• **PROVIDED DATA**:
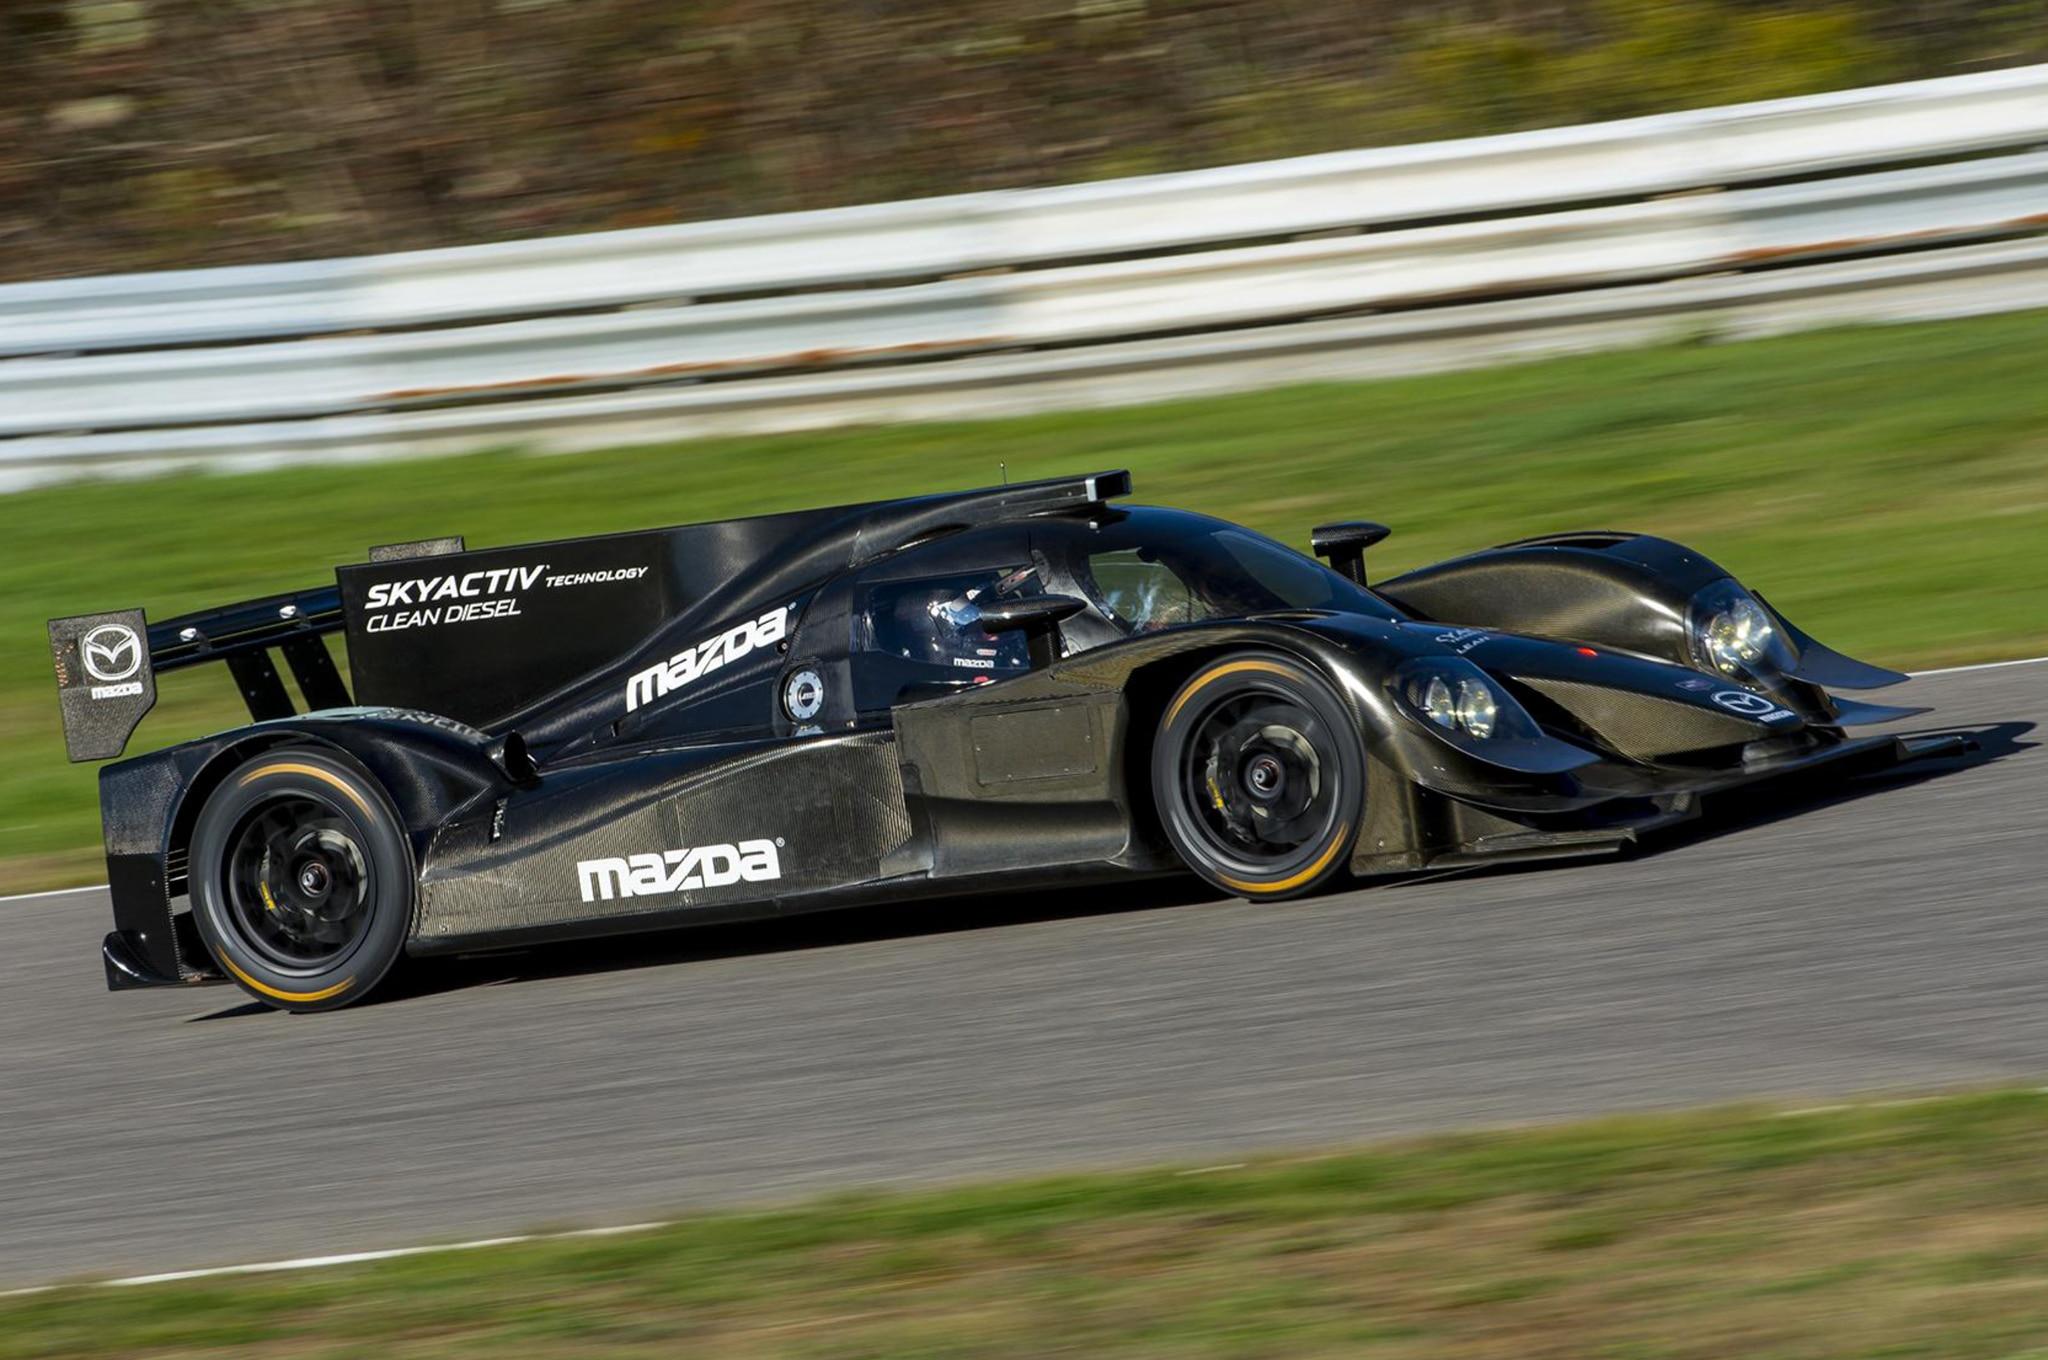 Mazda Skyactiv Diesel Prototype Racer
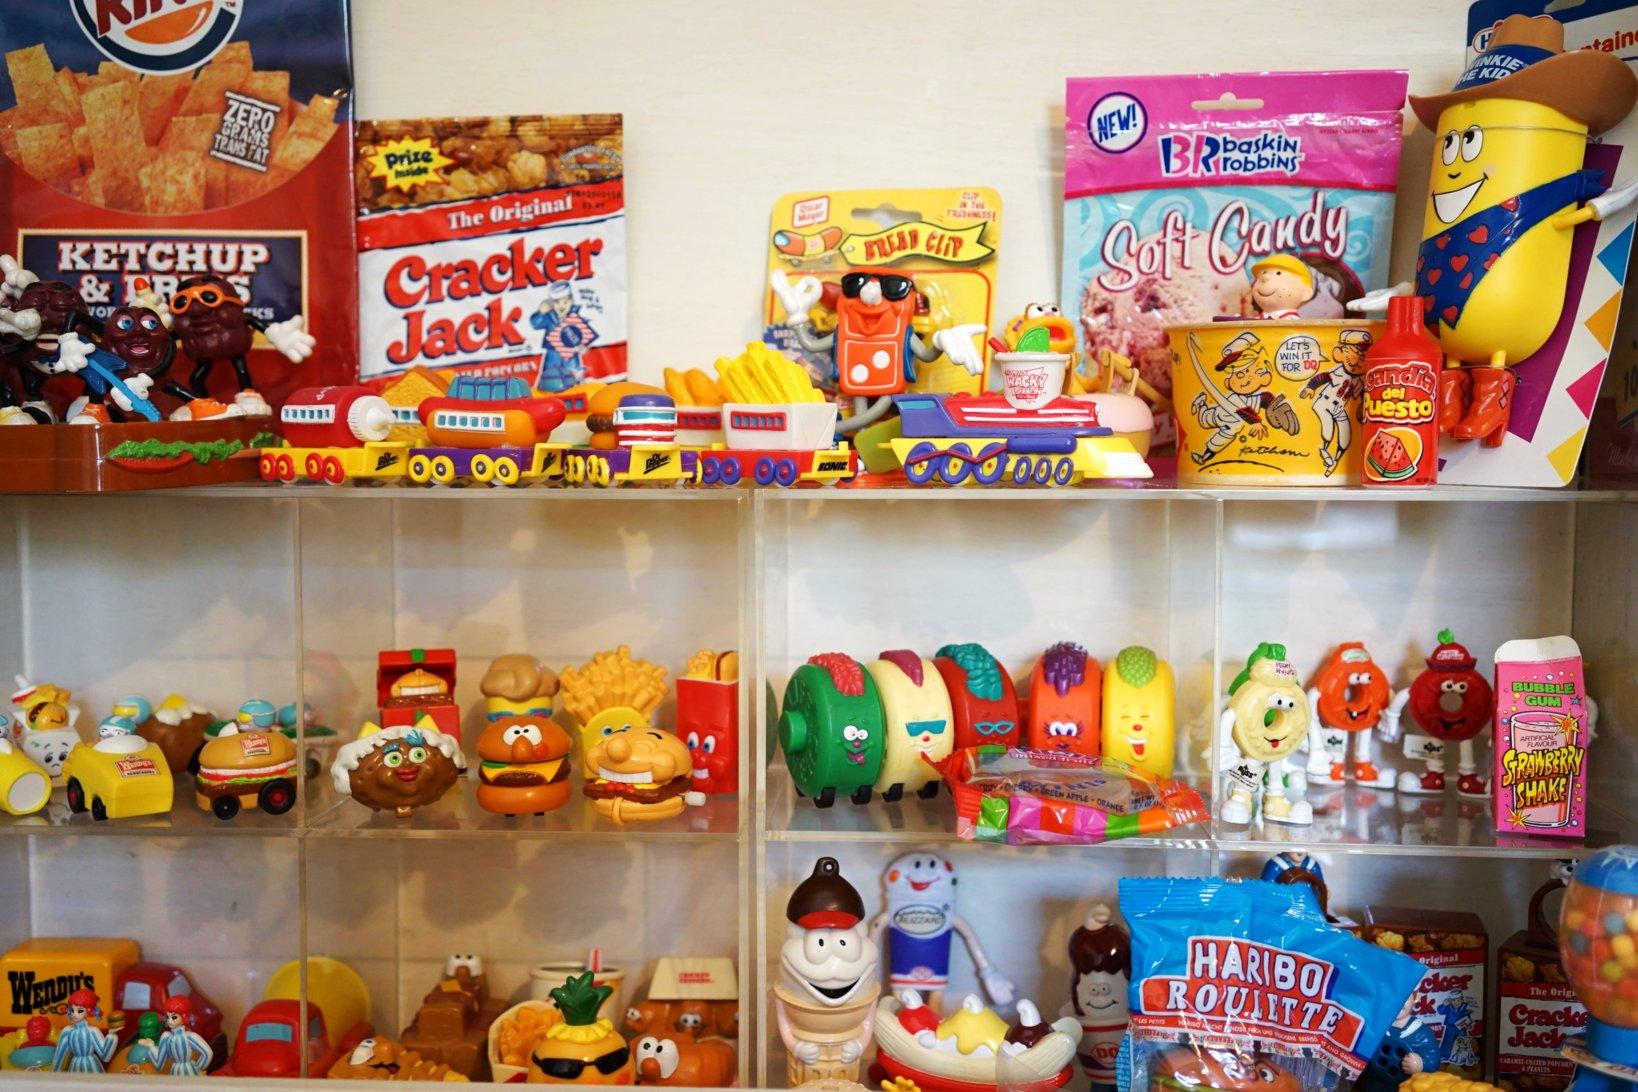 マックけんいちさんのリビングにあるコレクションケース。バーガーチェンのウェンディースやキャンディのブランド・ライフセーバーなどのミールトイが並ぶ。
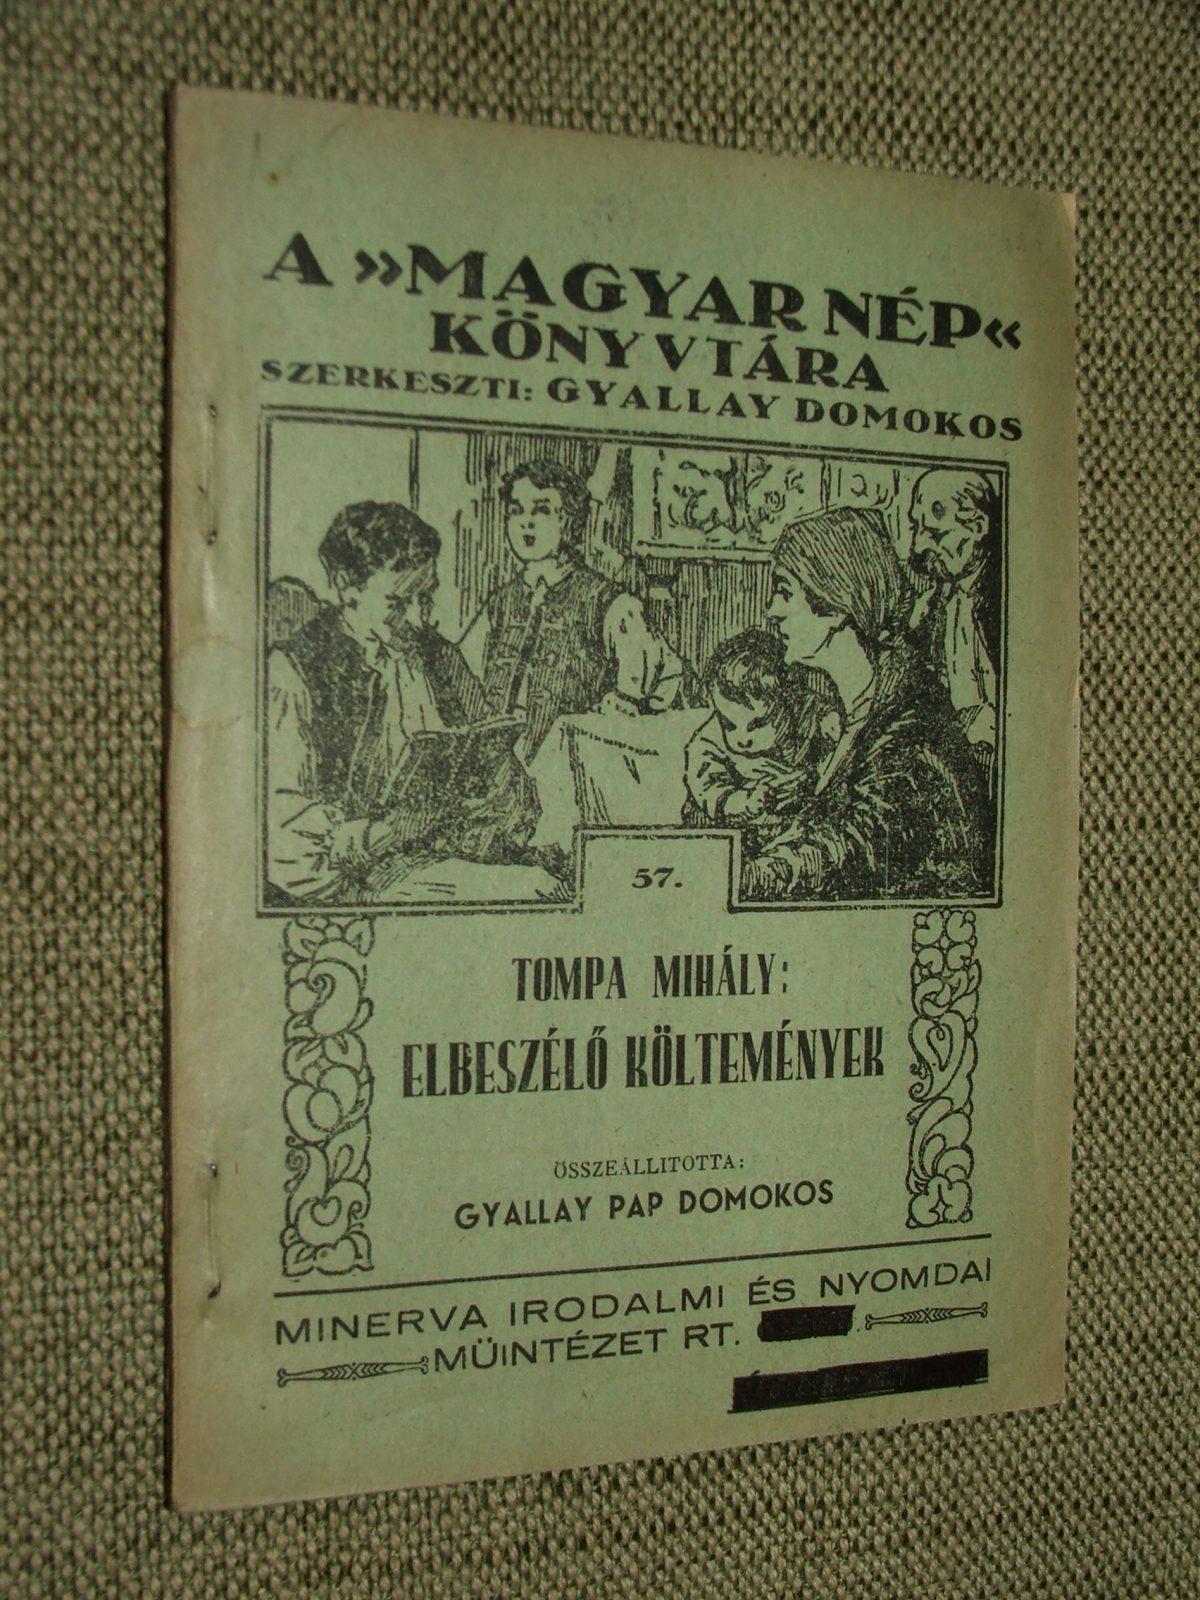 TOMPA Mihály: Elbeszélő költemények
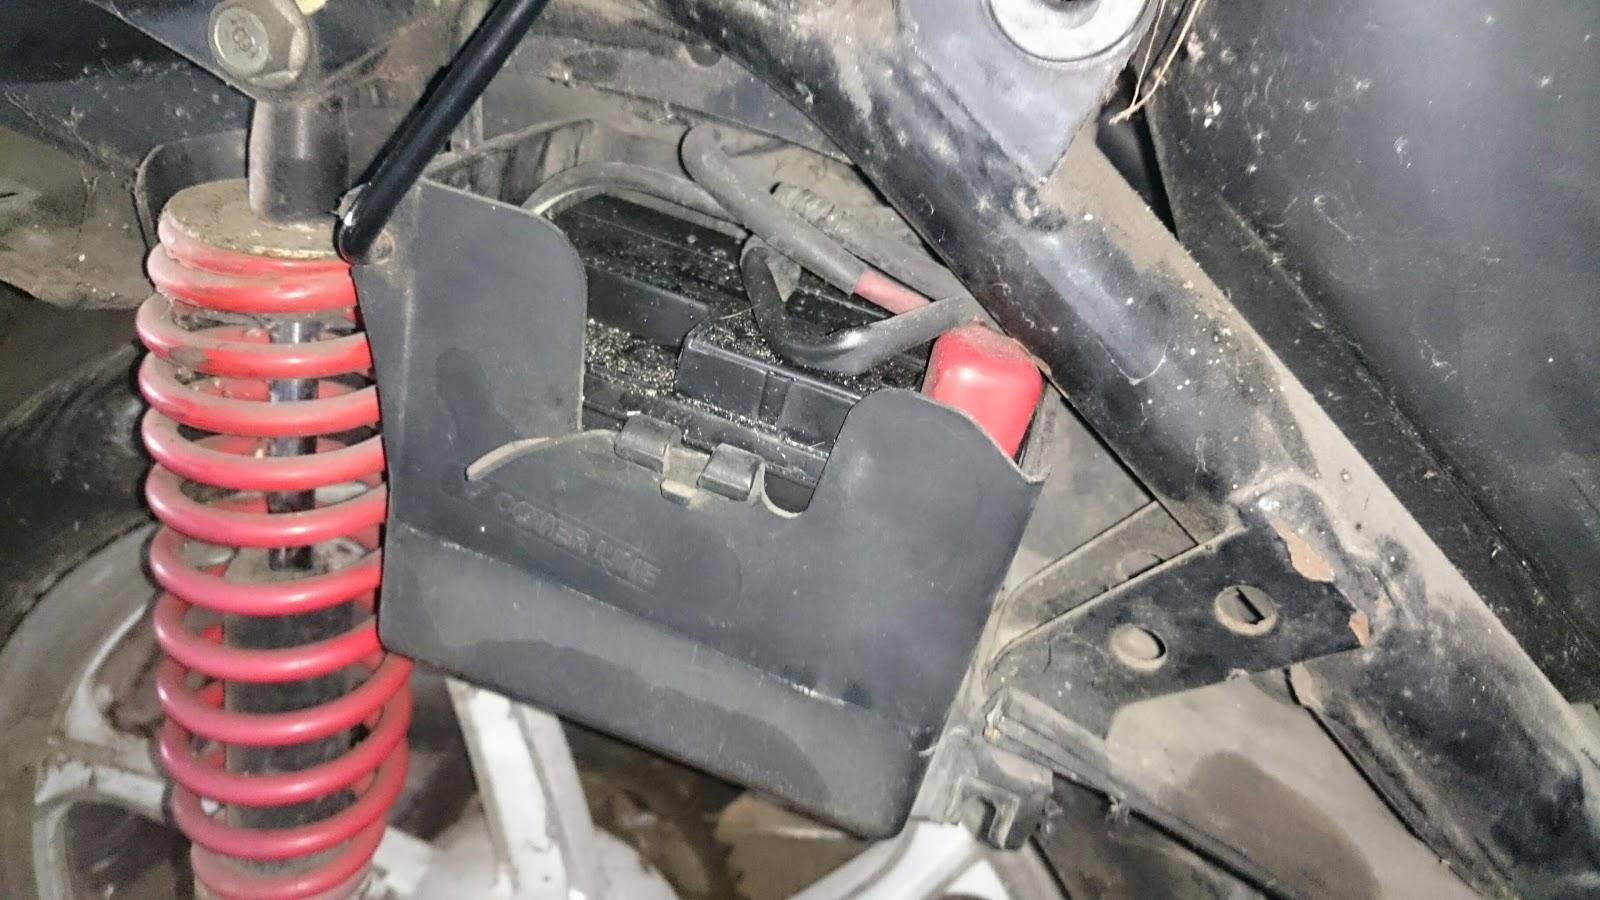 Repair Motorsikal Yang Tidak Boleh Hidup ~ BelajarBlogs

• **WHAT YOU WILL DO**:
The pictures alone are to be left out when the data above is copied; all else must match exactly.

• **WRITTEN SOLUTION**:
 Mazda Skyactiv Diesel Prototype Racer
 マックけんいちさんのリビングにあるコレクションケース。バーガーチェンのウェンディースやキャンディのブランド・ライフセーバーなどのミールトイが並ぶ。
 TOMPA Mihály: Elbeszélő költemények
 Repair Motorsikal Yang Tidak Boleh Hidup ~ BelajarBlogs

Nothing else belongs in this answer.